Ernest waited along the far wall and listened to the music. The rest of the help were quick to fill an empty drink, replace a full ashtray, or fetch the humidor for a fresh cigarillo. Professor True broke into an original song he had composed for the occasion as Maisie made her way, turning her attention to one patron and then quickly to another, flitting like a hummingbird through the room. The working girls all swayed, mooning over the sweet, gentle music, but Ernest knew that when the song ended, Maisie would be leaving. To his weary heart it sounded like a funeral dirge.
As Maisie orbited the room once more, stoking the fires in the bellies of rich men for the other girls, Miss Amber snapped her fingers toward him. For Maisie, the party was ending. Ernest donned his driving gloves and worked his way to the foyer. Her very presence—her magnetic beauty coupled with her coy aloofness—teased the gentlemen who looked on. They knew they’d been outbid and who the lucky winner was. They raised their glasses and drained them as they toasted their misfortune and jokingly cursed Louis Turnbull.
“Here’s to Old Man Turnbull, the only fellow I know who succeeds at everything he sets his mind to…with the exception of dying!” one bearded fellow yelled above the crowd. “He knows how to pick ’em. Let’s just hope he remembers what to do with ’em!”
Ernest gritted his teeth and stared at his shoes, trying not to think about the age of the man awaiting Maisie in his mansion.
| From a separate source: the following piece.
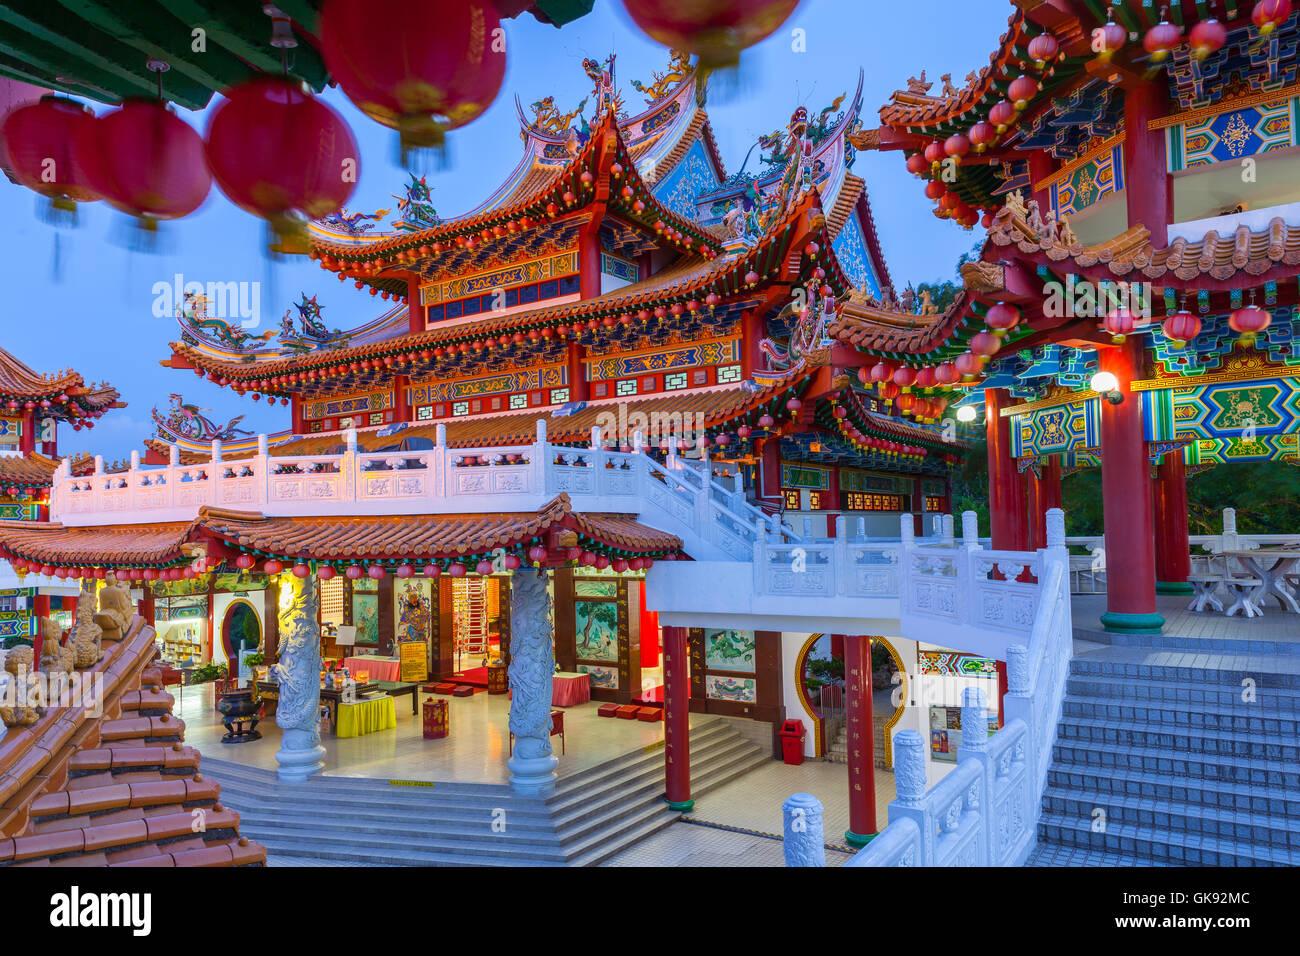 Thean Hou Buddhist Temple at dusk, Kuala Lumpur, Malaysia - Stock Image

In his mind’s eye all he saw was a gray-haired Methuselah in moth-eaten robes, with a face of wrinkles, a tongue darting to the corners of old, cracked lips.
Maybe he’ll have heart failure. Ernest smiled grimly as he regarded a few of the older gentlemen in the room. His eyes wandered back up the stairs.
Ernest had hoped Madam Flora might marshal some of her wits in reserve and find her way down to the party, where she’d perform a miracle by postponing Maisie’s fate the way Governor Hay might have offered a stay of execution.
But no last-minute rescue came.
Instead, Miss Amber held court as best she could. She wasn’t regal, or well spoken, like her flamboyant business partner, but the free-flowing Canadian whiskey and Kentucky bourbon worked well enough. The men laughed and raised their glasses to Madam Flora in absentia.
And then Miss Amber announced that it was time for the belle of the ball to take her leave. The men cheered once again.